# Biggest challenge for a yard haunter:



## Turbophanx (Jun 30, 2008)

For me, its trying to get it to look like a decent display and not a Halloween yard sale in my yard, just a bunch of crap thrown together.

I found this haunt online, and granted I will never be at this level, the details are amazing. Even take away the facades, its still a 10+
Skip ahead to the 2:00 mark to see the yard.






I need to kill my grass!


----------



## Chops6965 (Jul 10, 2013)

So far my biggest challenge is having a street light across the street from my house. We sit on the corner of a busy street and the street light brightens up my yard more than I'd like (at Halloween anyway). There is a rather large Jacaranda tree in the front yard that blocks the street light some but not enough for me...lol


----------



## Copchick (Apr 10, 2012)

Hey those folks did a really nice job on their haunt. I think the added branches and trees give a nice feel to it. Really impressive. Thanks for posting this!


----------



## Tokwik (Oct 12, 2011)

That certainly is nice. Not too big, not too small, central theme that carries through the entire yard.

Very nice.

Thanks for posting that. Very inspirational.


----------



## Haunted Bayou (Feb 16, 2007)

My display improved when I grouped everything together in a tighter display rather than having tombstones spread across the yard. It is small but effective.
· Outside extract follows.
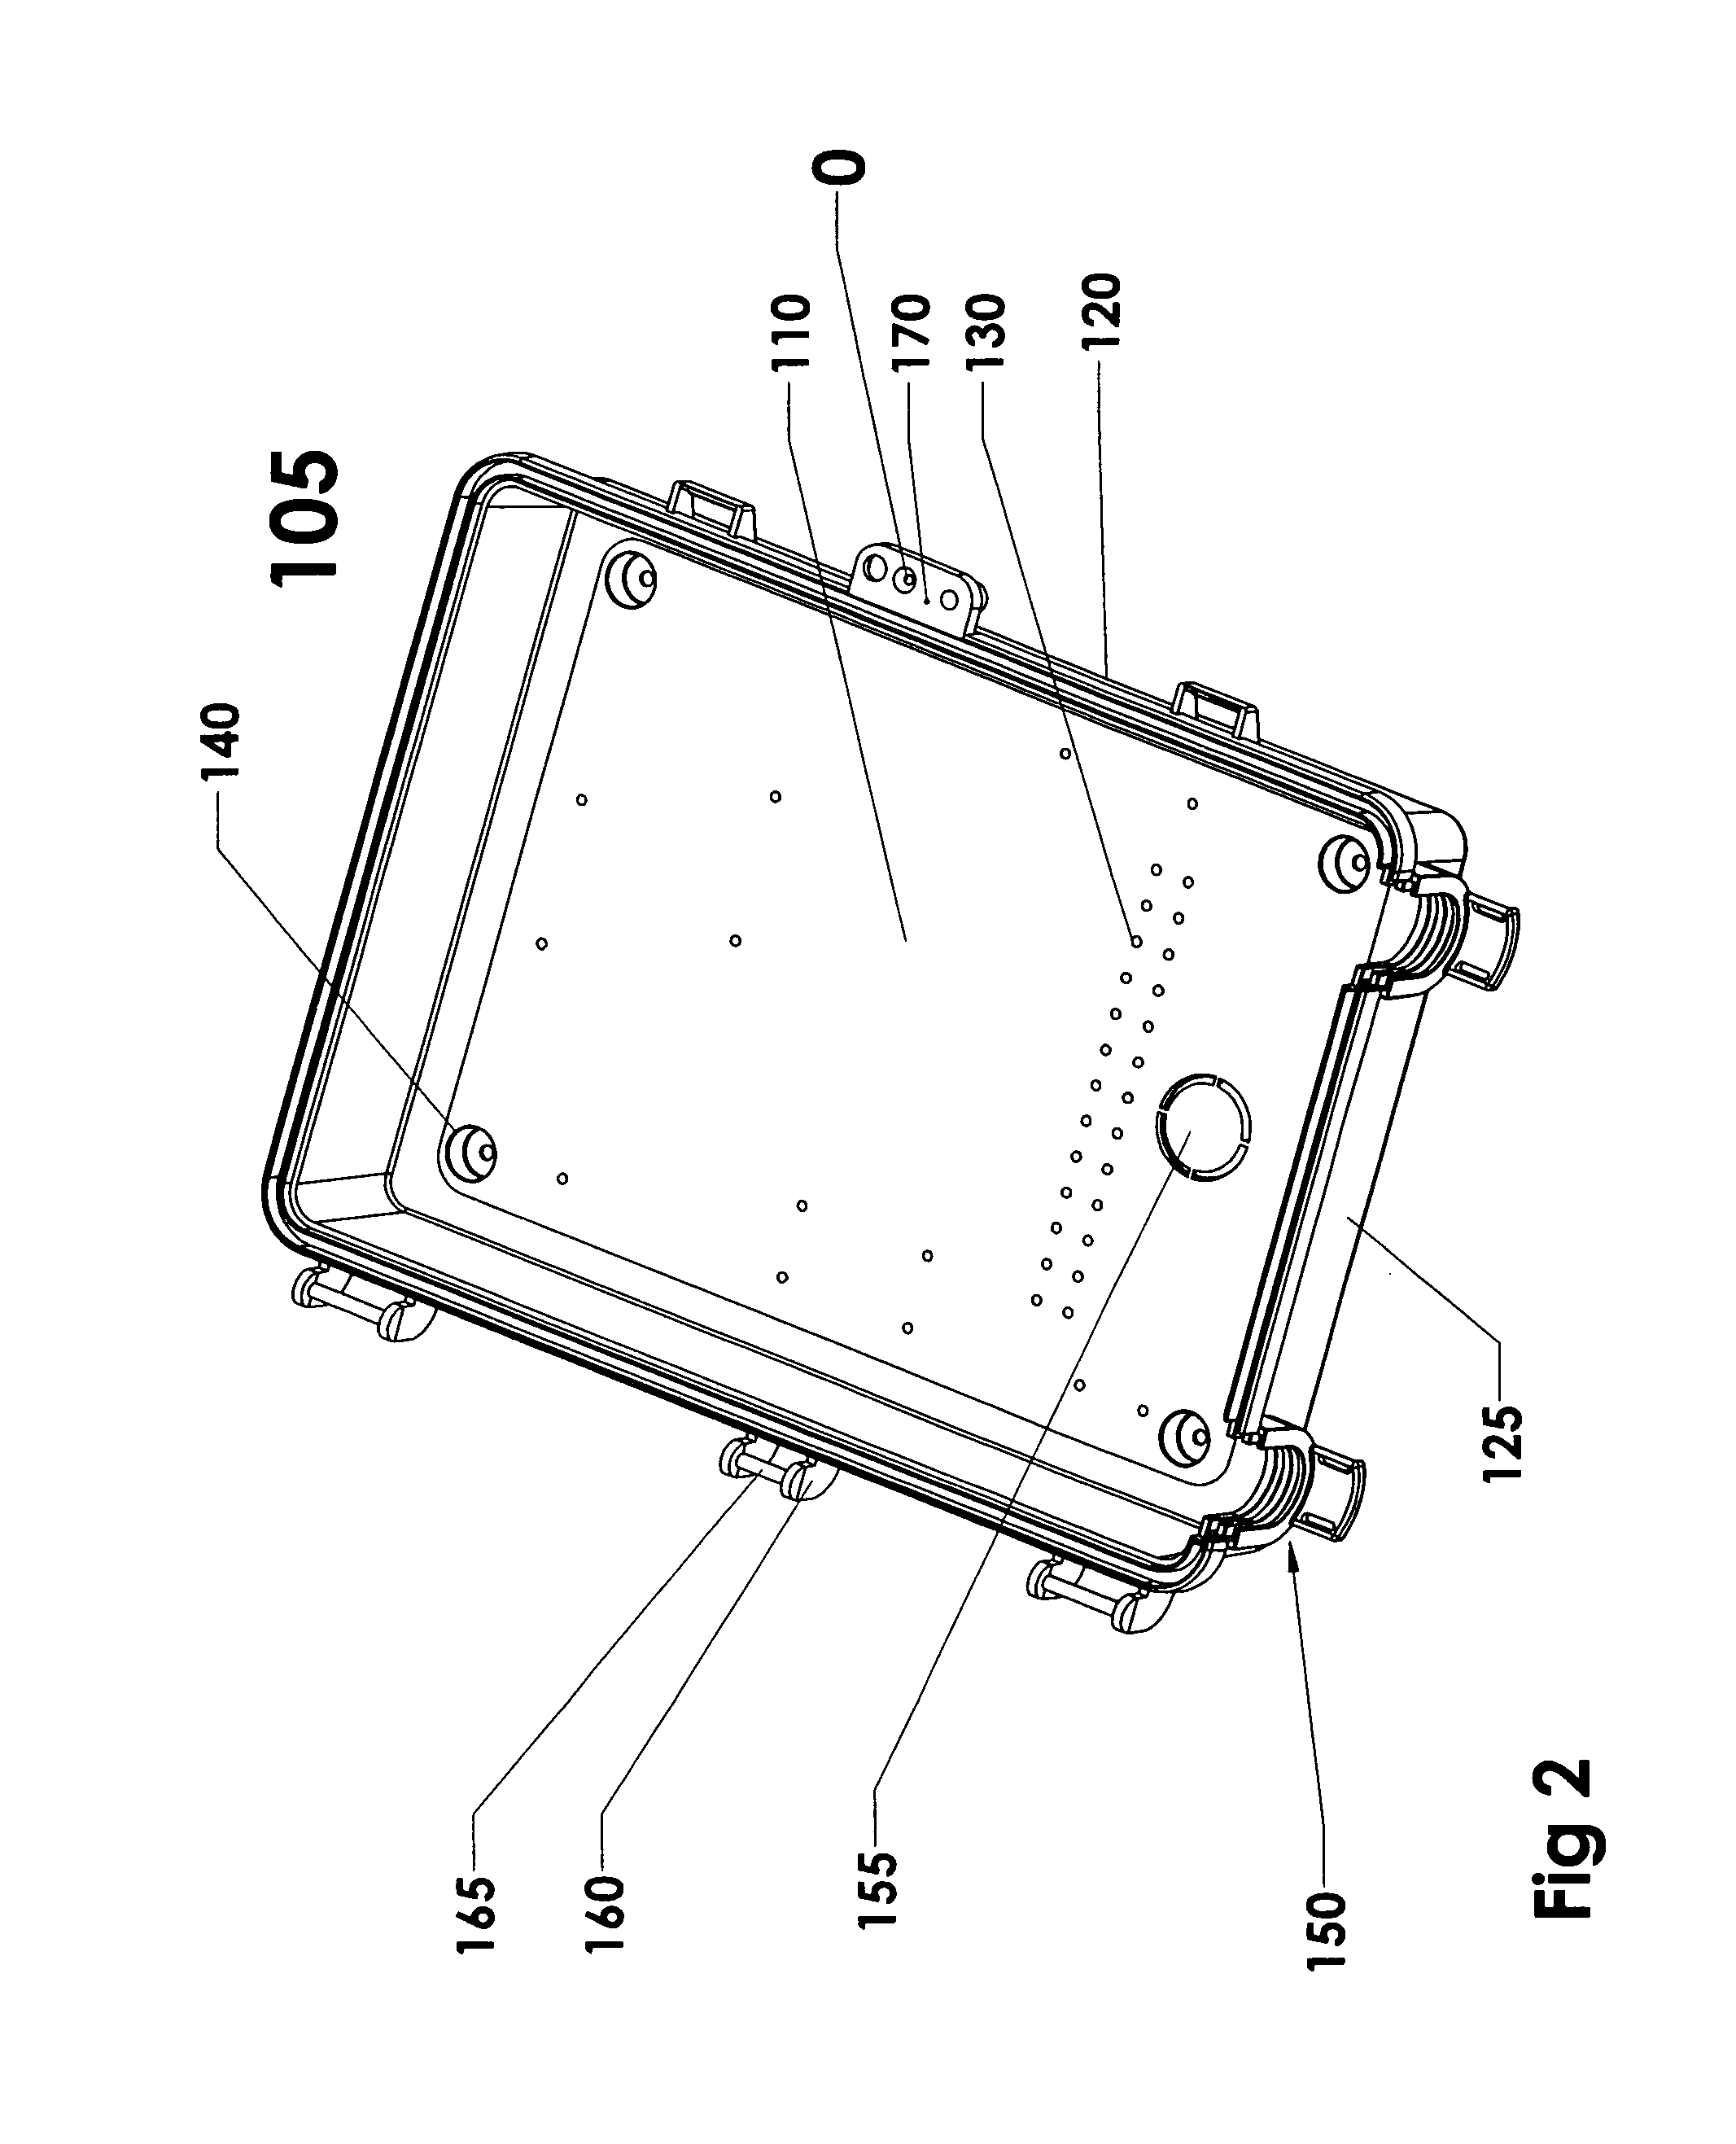 Retaining enclosure for above-ground fiber optic/cable network terminal
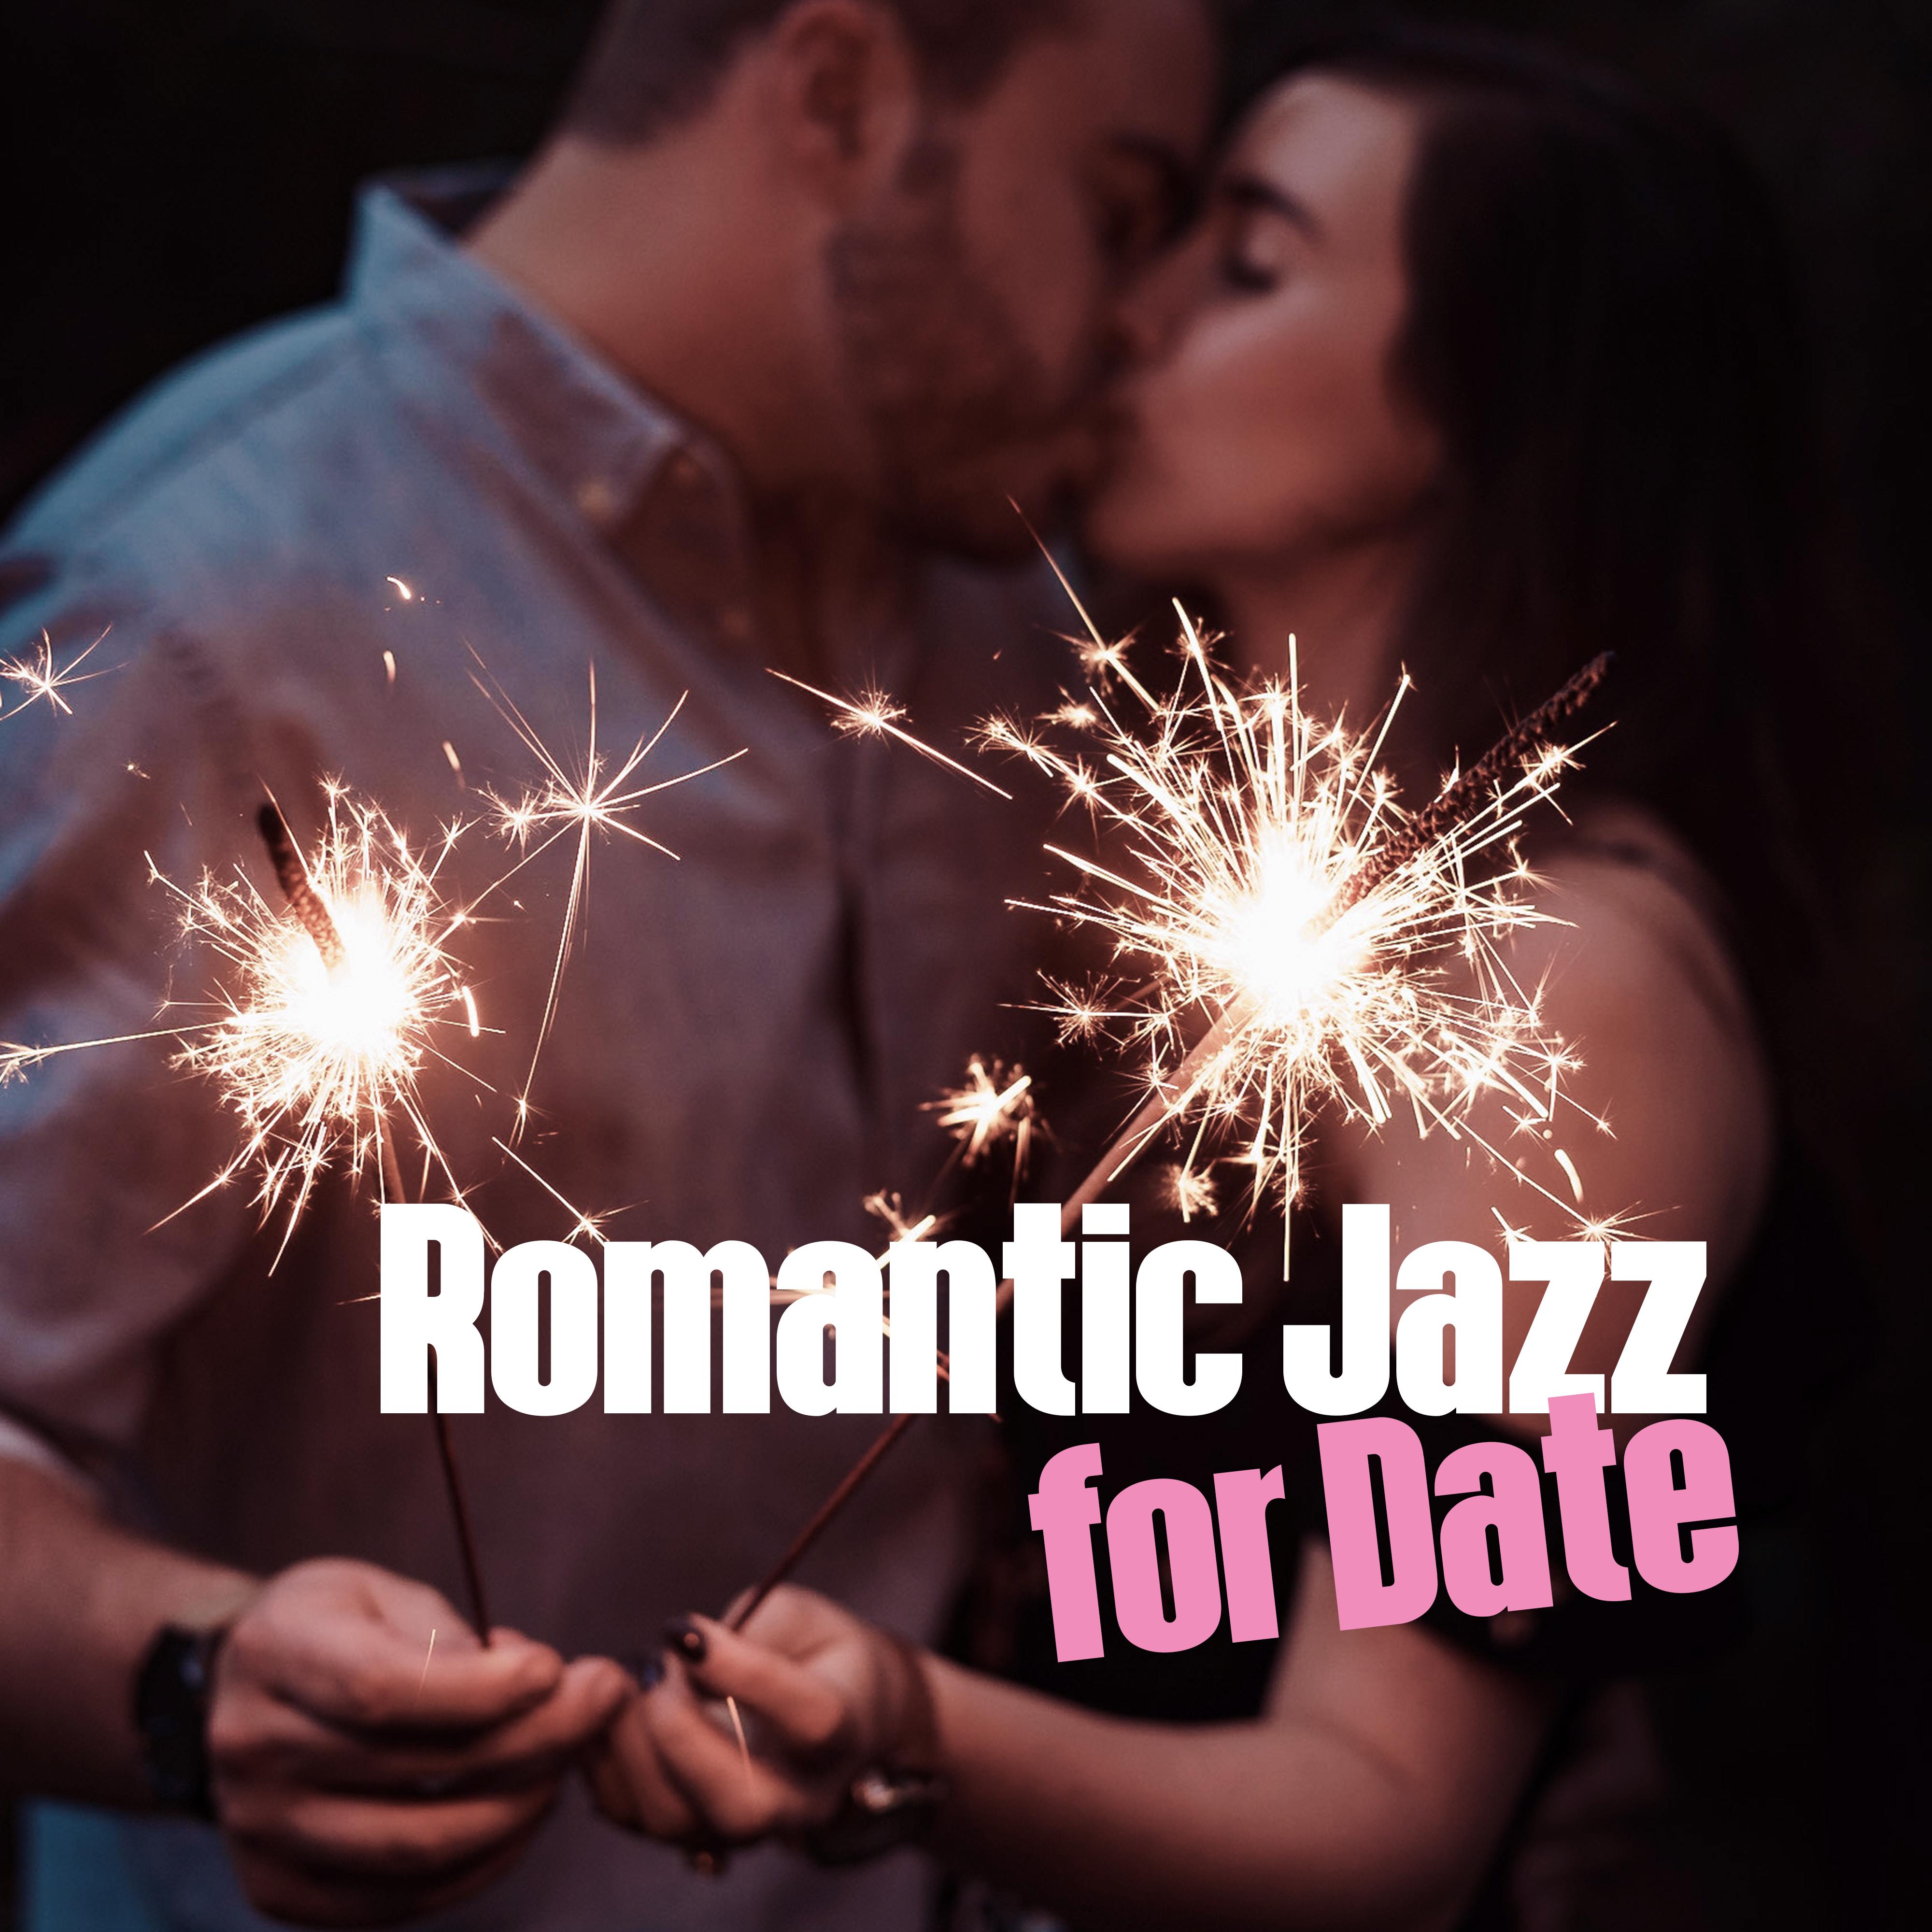 Romantic Jazz for Date – Sensual Note for Lovers, Jazz Music, Smooth Night Songs, Moonlight Jazz

BTW, my biggest challenge is the burr-stickers.. They are mean and evil.


----------



## Pumpkin5 (Aug 8, 2010)

:jol: Very nice haunt! (and they seem so happy and normal...I kept waiting for them to get weird, but they were so SWEET)


----------



## mys197gt (Jul 7, 2010)

I follow them on YouTube and Facebook. This year they are doing a haunted saloon - it's amazing the amount of work they are putting into it.


----------



## Turbophanx (Jun 30, 2008)

I feel mine is just too random...here are a few shots.


----------



## studiokraft (Feb 7, 2012)

Chops6965 said:


> So far my biggest challenge is having a street light across the street from my house.


We have the same scenario - it's great for most of the year, but kinda sucks for Halloween. Ah well, most ToTers seem to come around before nightfall anyway.

Hollywood Haunter does an awesome job - can't wait to see what they do this year!


----------



## Tokwik (Oct 12, 2011)

mys197gt said:


> I follow them on YouTube and Facebook. This year they are doing a haunted saloon - it's amazing the amount of work they are putting into it.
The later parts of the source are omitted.